While Nio is a good company, it is also highly risky. Being a Chinese company, there are concerns about the accuracy of its financial results. In the past, we have seen Chinese companies publish inaccurate numbers. 

Another concern is that the company could be delisted in the US. If this happens, many American investors will be left carrying the bag. Also, there are concerns about rising competition in the EV industry as companies like BYD, Xpeng, Geely, and Zeekr take market share.

Nio stock short interest 

Short interest refers to the number of shares held by short-sellers. These are people who bet that a stock will go down. After the Wall Street Bets situation, we have seen the short interest of many companies decline. The current Nio short interest stands at just $1.5 billion, which is the lowest level in more than a year. At its peak, the value of shares held by short-sellers was worth over $4 billion. 

Nio short-interest

How many cars has Nio sold? 

Nio is a relatively young company that is in the process of ramping up its production. Nio has sold over 238k cars, which is a remarkable number for a company of its age.
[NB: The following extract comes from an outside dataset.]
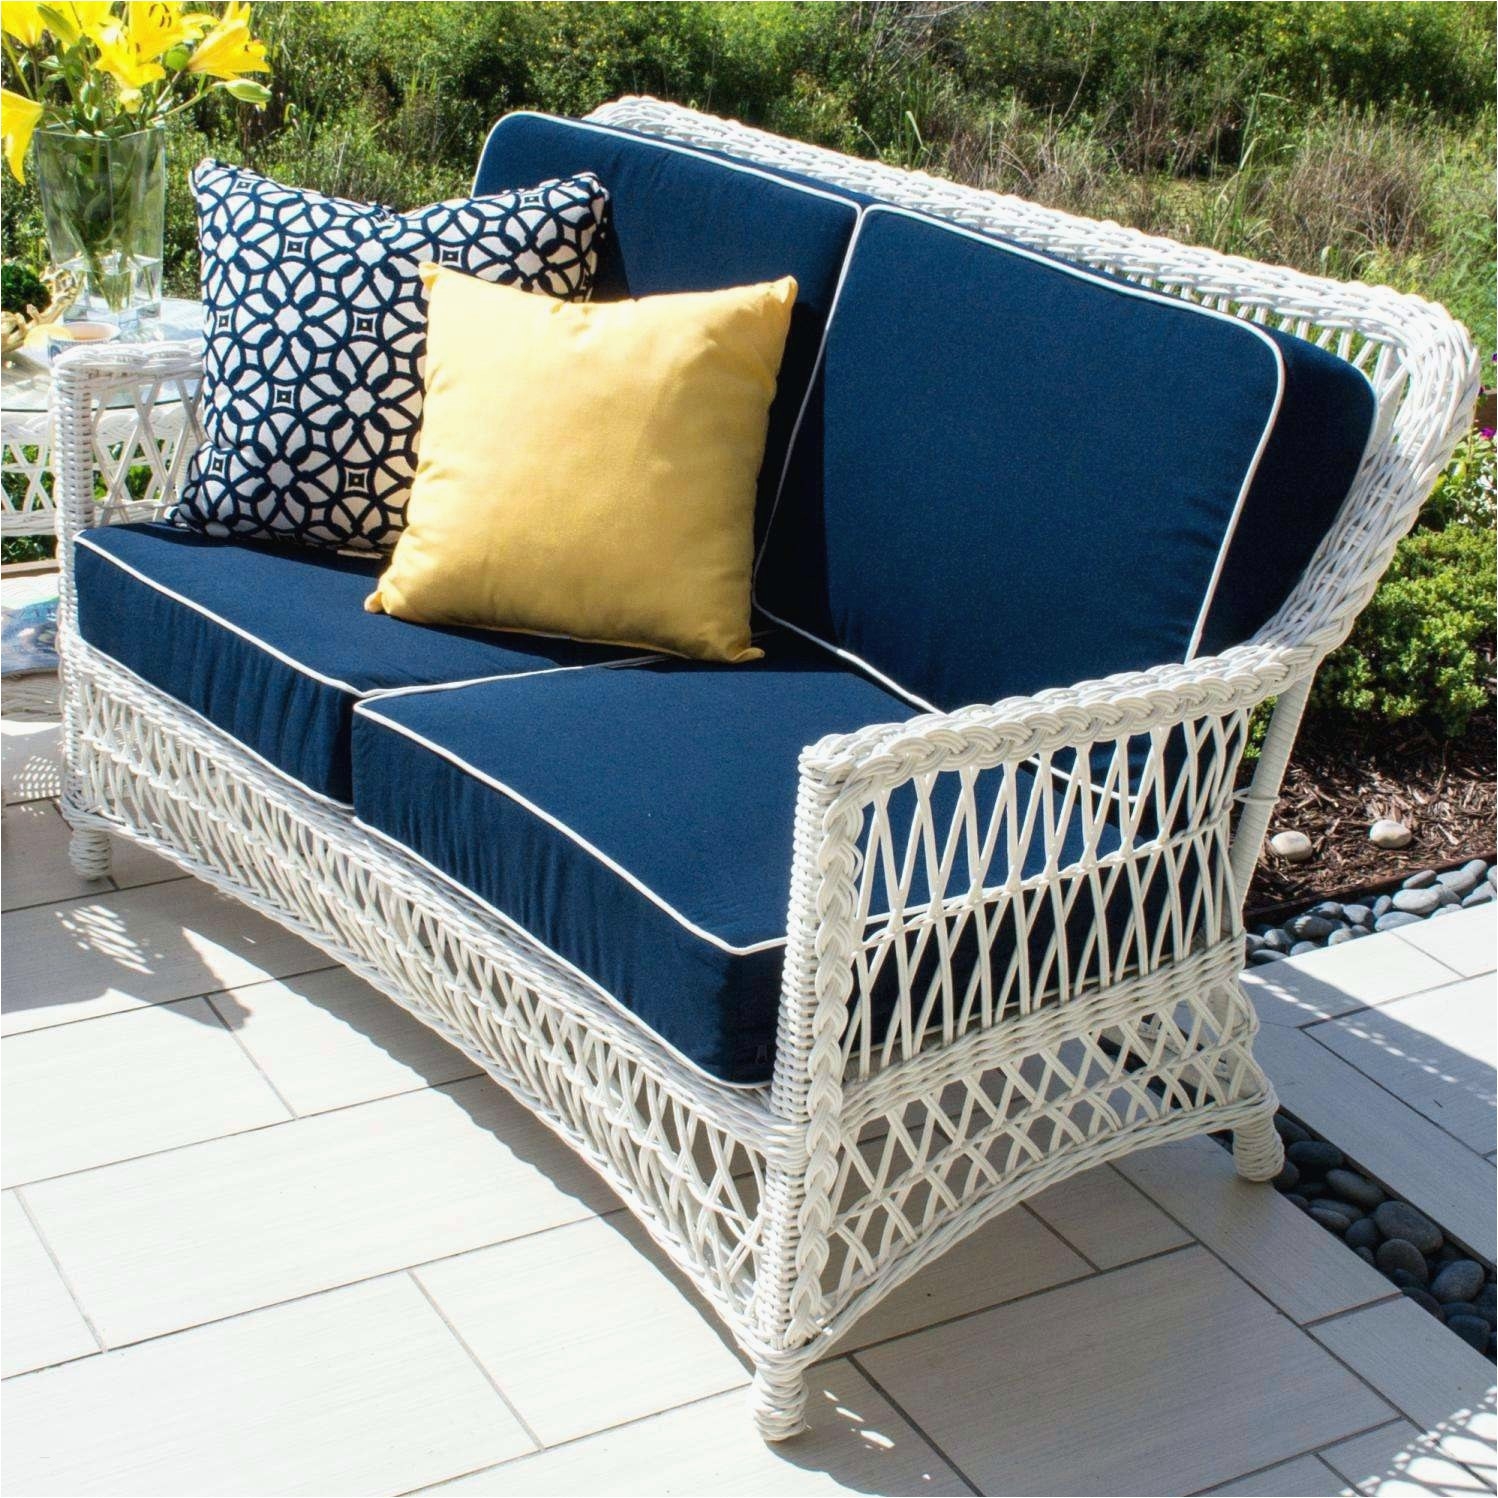 renetti sofa frisch patio cover ideas awesome wicker outdoor sofa 0d this image outdoor furniture repair near me

Analysts expect that it will sell over 500k cars per year in the next five years. 

Is the Nio stock overvalued?

Like most EV stocks, Nio is currently overvalued. Besides, this is a loss-making company that makes less than $4 billion in annual revenue that is being valued at almost $35 billion. The company has a price-to-sales ratio of 5.89, making it overvalued. However, this overvaluation can be justified if the company maintains its growth.


The Nio stock price has done well over the years. In this article, we have explained why it has performed like that. We have also identified potential risks that the company is currently facing.